CAD — computer-aided design — has revolutionized fields from aeronautics to civil engineering by drastically reducing the trial-and-error involved in design. But our incomplete understanding of even the simplest biological systems has meant that CAD hasn’t yet found a place in bioengineering.
Computational models like that of M. genitalium could bring rational design to biology — allowing not only for computer-guided experimental regimes, but for the wholesale creation of new microorganisms.
Once similar models have been devised for more experimentally tractable organisms, Karr envisions bacteria or yeast specifically designed to mass-produce pharmaceuticals.
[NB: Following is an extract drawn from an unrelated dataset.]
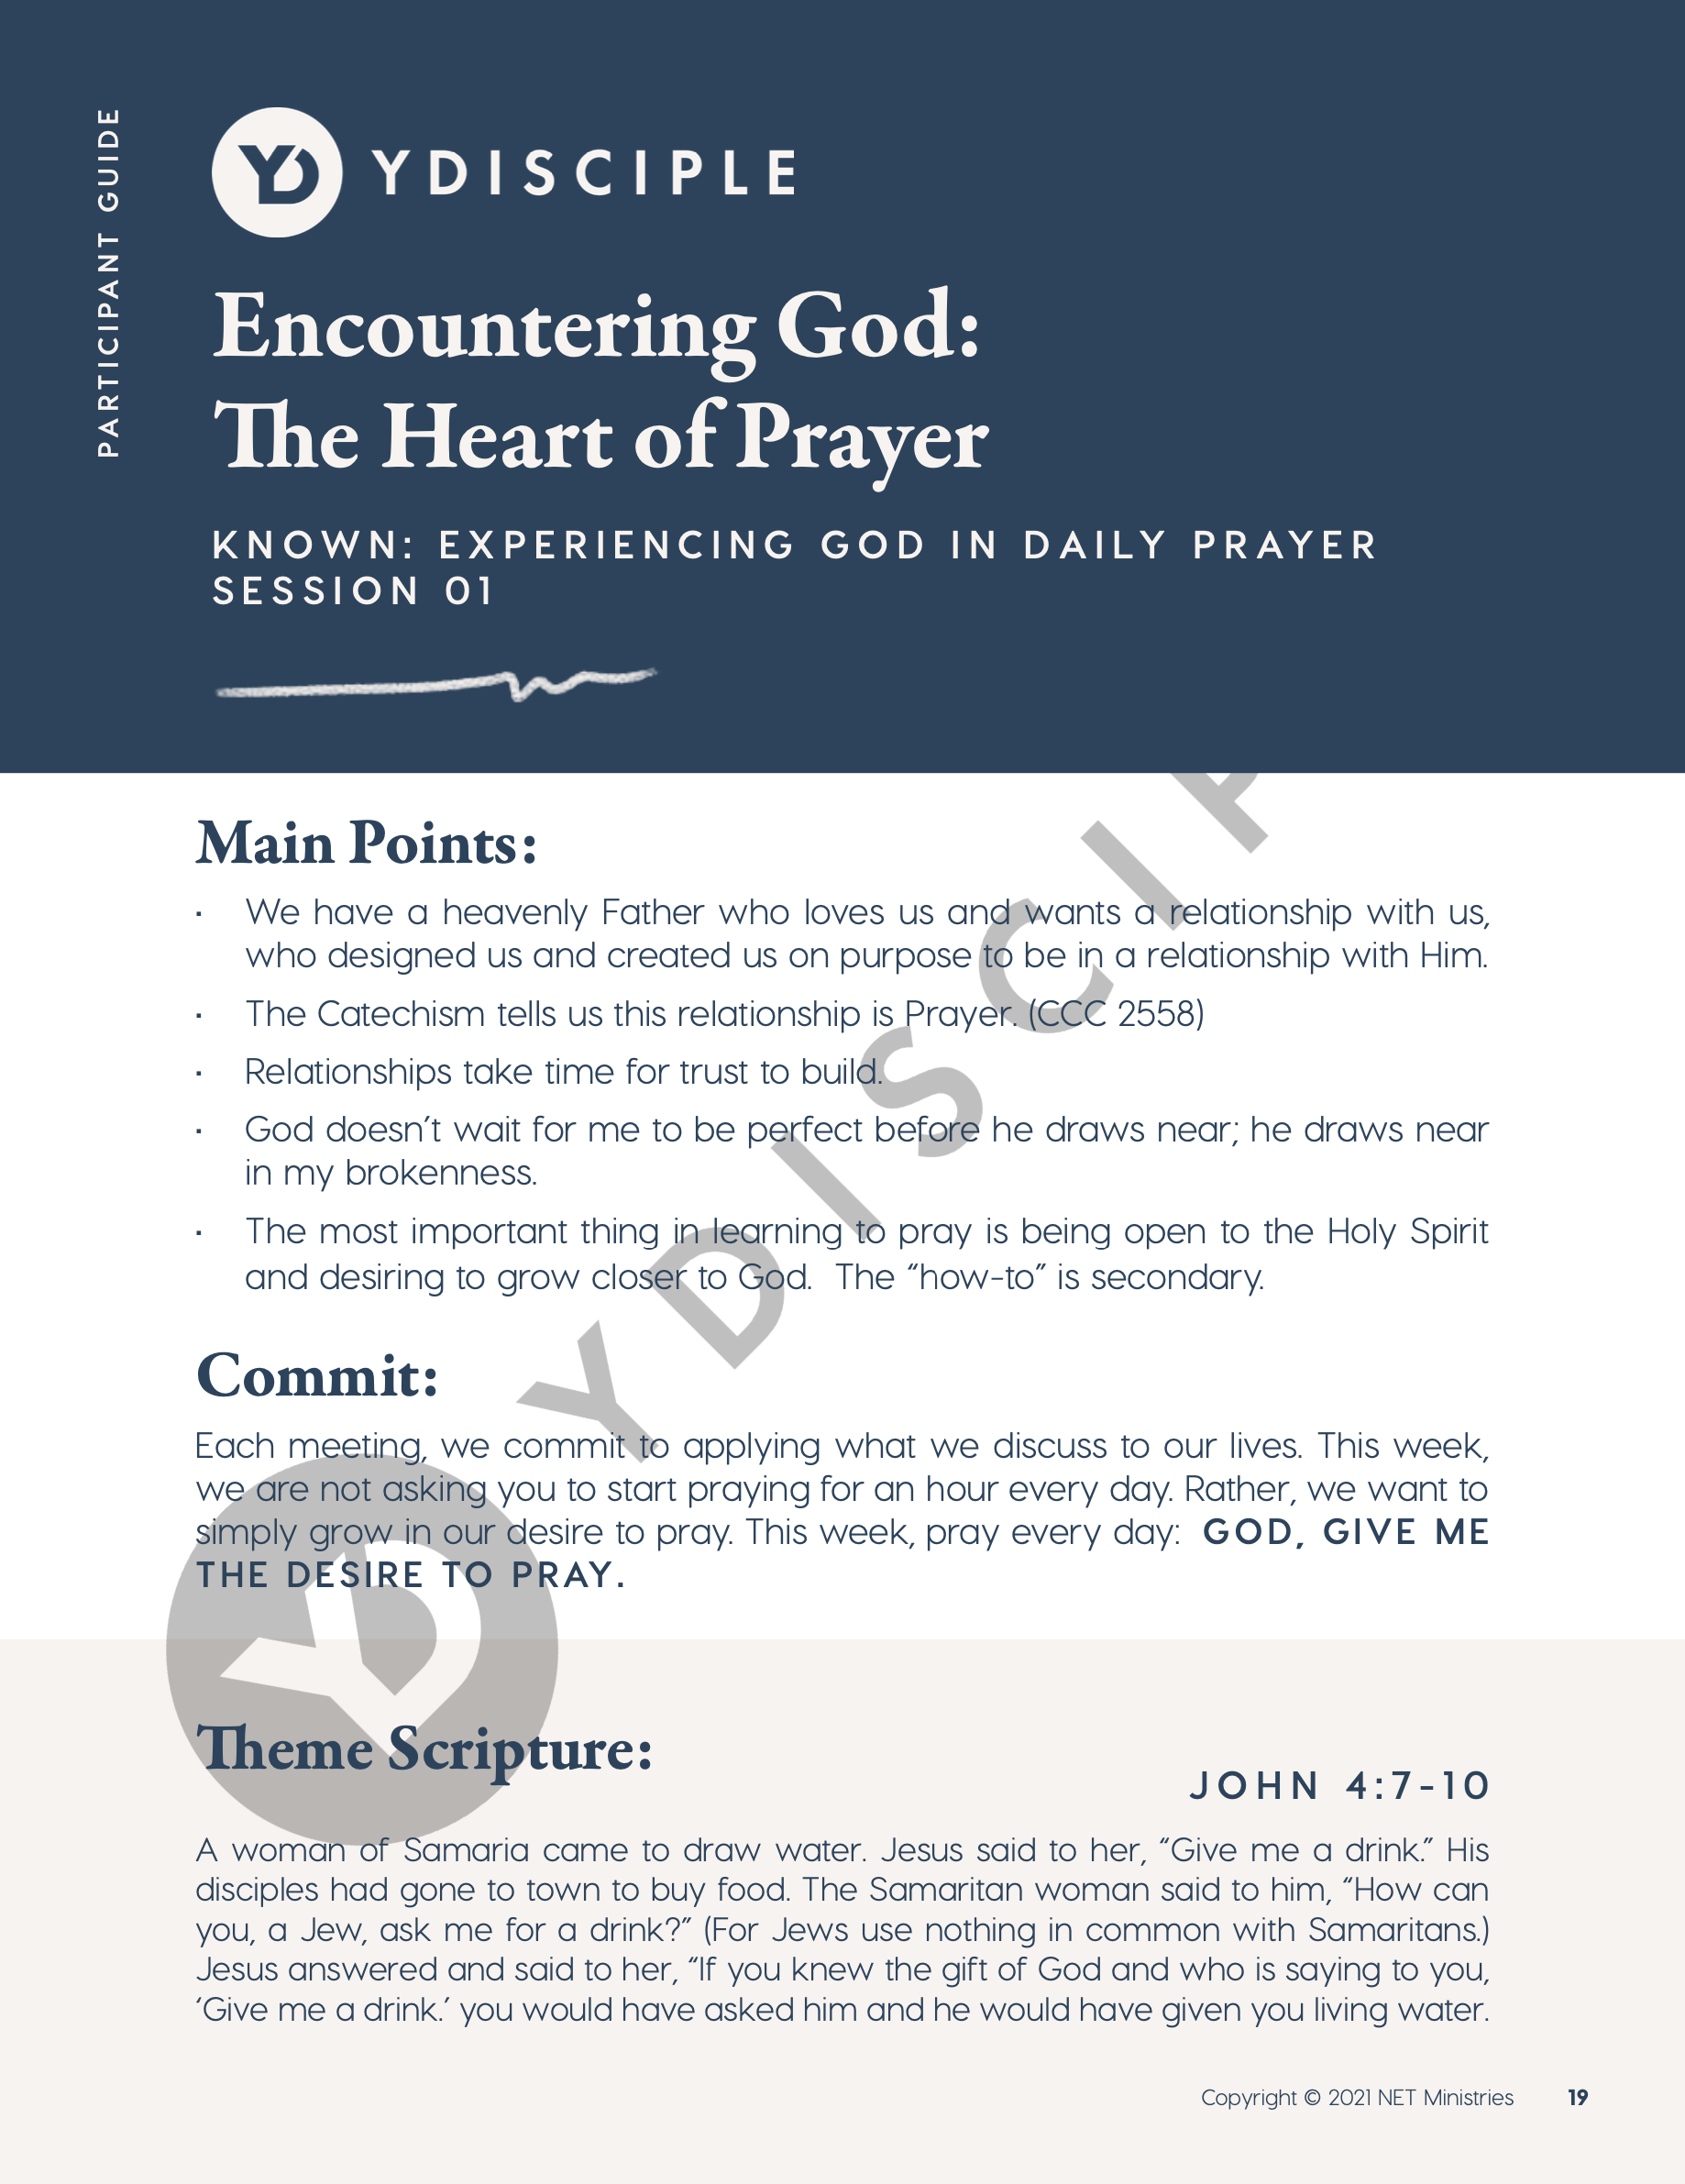 Known: Experiencing God in Daily Prayer (Digital Download)

Bio-CAD could also lead to enticing medical advances — especially in the field of personalized medicine. But these applications are a long way off, the researchers said.
“This is potentially the new Human Genome Project,” Karr said. “It’s going to take a really large community effort to get close to a human model.”
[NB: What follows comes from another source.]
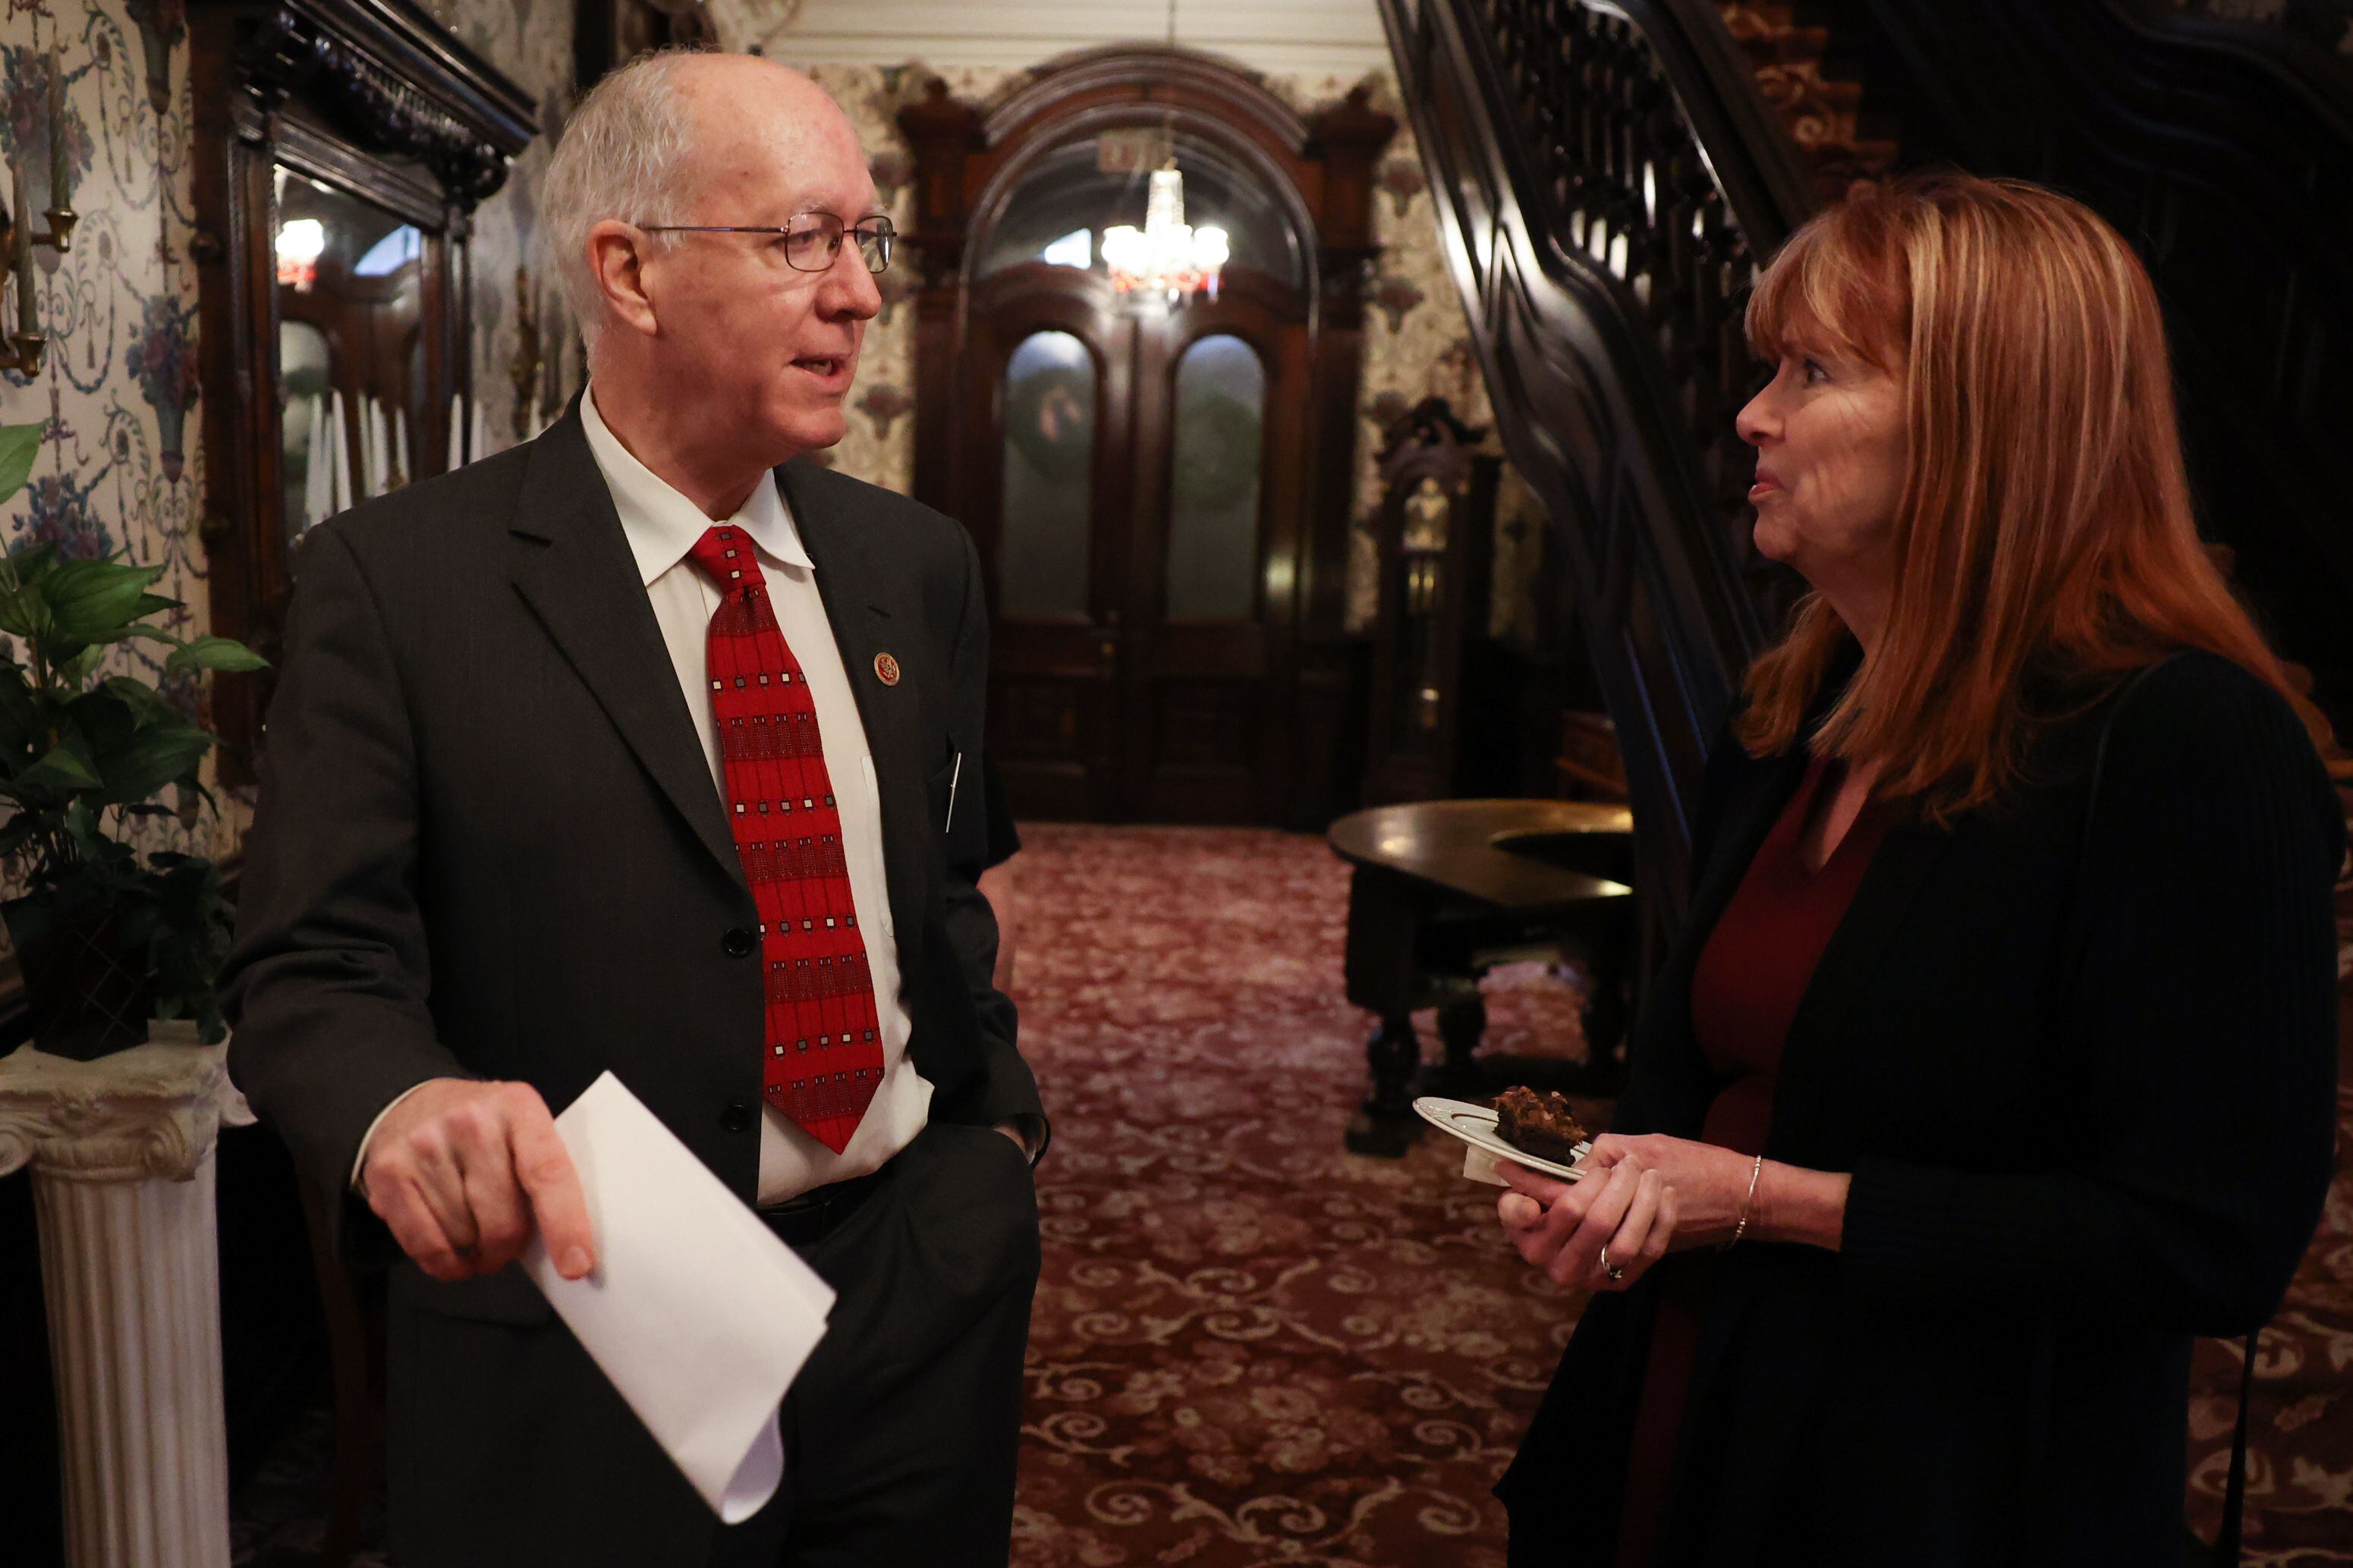 Congressman Bill Foster (D-Ill) talks with Dr. Kathy Burke, of the Will County Health Department, at a United Way private event where he presented a check for $884k for their Resilient Youth mental wellness program at the Jacob Henry Mansion on Thursday, February 23rd, 2023 in Joliet.

The research was partially funded by an NIH Director’s Pioneer Award from the National Institute of Health Common Fund.

Comments (12)
by DCWhatthe
The only computer model I’m interested in, is the one for a pepperoni pizza. You know, something that could be fed into one of the more versatile 3D printers that will exist in a few years.
All you can eat, limited only by the size of your desktop. Imagine the boom in desktop sales.
by OkinKun
So could this be considered the world’s first fully simulated artificial life form? Is that actually what this is talking about? Or is this something simpler and less incredible?
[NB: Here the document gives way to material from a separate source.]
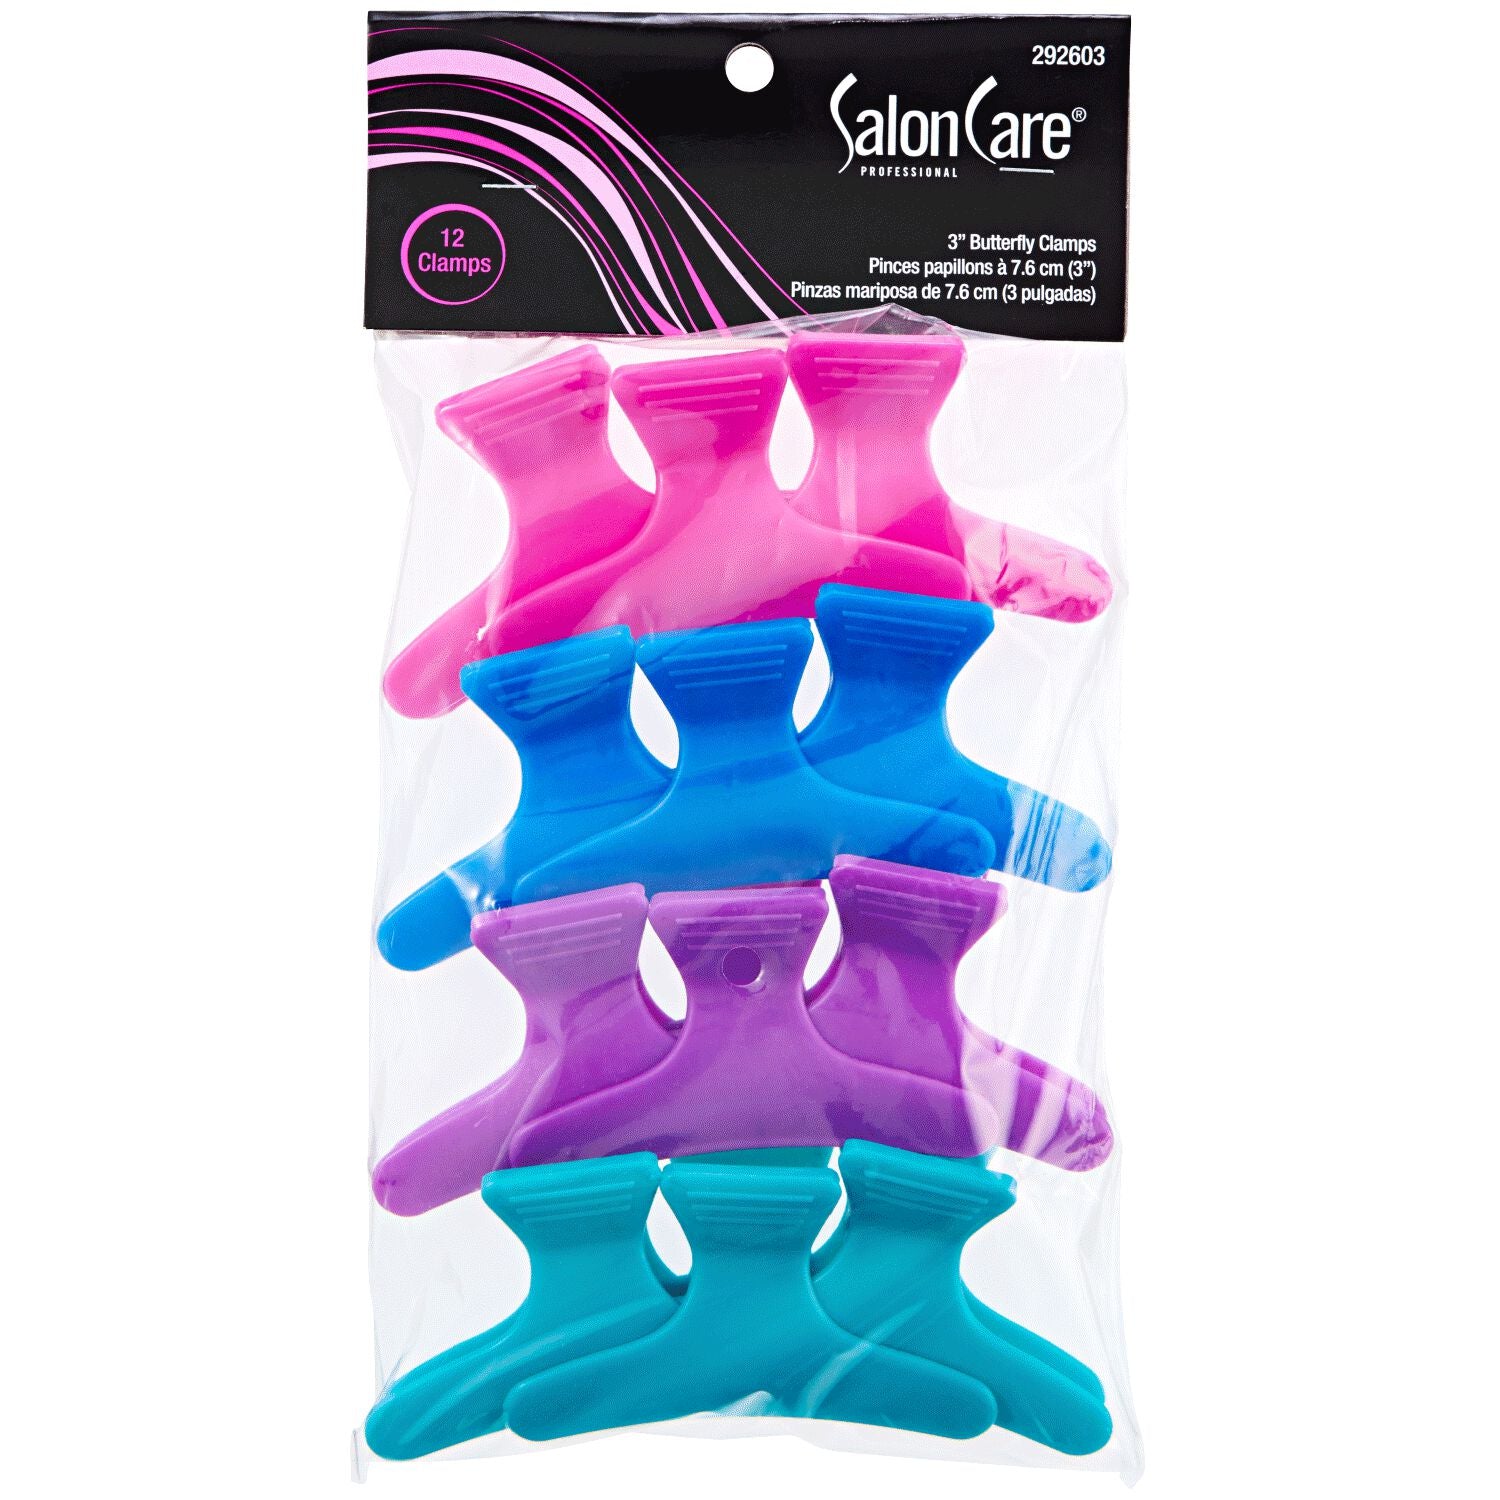 Salon Care 3 Inch Butterfly Clamps

I mean this stuff could have seriously amazing implications, for both our medical advances, and our understanding of how life works.
I hope they get the ball quickly rolling on this, and towards building increasingly more complex simulations.
by John
“This is potentially the new Human Genome Project,” Karr said. “It’s going to take a really large community effort to get close to a human model.”
A large international effort needed with a big funding requirement-step forward Google!
by star0
Medicine is going to reach new heights in the coming years, once the ability to simulate diseases in-silico becomes a reality. Let me mention an article that Singbe posted to the forums, that shows just what Big Data and the exponential rise in computing power will make possible in the meantime:
http://stanmed.stanford.edu/2012summer/article3.html
by Extropia DaSilva
I do not think it is necessary to predict the final shape of a protein from its amino acid sequence. It is sufficient merely to encode all the rules amino acids follow and let the resulting protein form by running the model.
by Eric
I don’t see how this is a “complete computer model” unless someone has solved the protein 3-D folding problem (predicting the final shape of a protein from its amino acid sequence.
by Peter
You’re absolutely right. At first I saw this as a complete virtual model of an organism, but now that you bring up the fact the 3-D shape of its proteins haven’t been deteremined, I realize it’s not complete. I don’t know what they did about this. Nonetheless, I think it is still a pretty extrodinary feat.
by josdorpjossie
The word “complete” is nonsense indeed, every model is a simplication of the real thing. But that does not mean that the model cannot provide some useful insights.
by Carl Brooks
And so the law of accelerating returns begins on all the known cellular structures on earth. I wonder what the doubling time is…
by gaoptimize
This is important work, and I am not saying that just because of the unpleasant round of injections I needed to cure it ;) .
I wish their work would turn next to computational models of retro-viruses that could be used to modify, repair, and improve the genome. For example, I wish their techniques could figure out how to program a retro-virus to go in and destroy the 3rd 21 in Trisomy 21, so my son could have the flu for a couple weeks and recover with a typical genome.
by Bri
There are several other ways proposed to correct genetic errors. They are making viruses that have no code of thier own left to insert. Knowing full organisms is more useful to general research on biology, and how life functions.
by Gorden Russell
That might not be possible until the coming of the singularity. Sorry.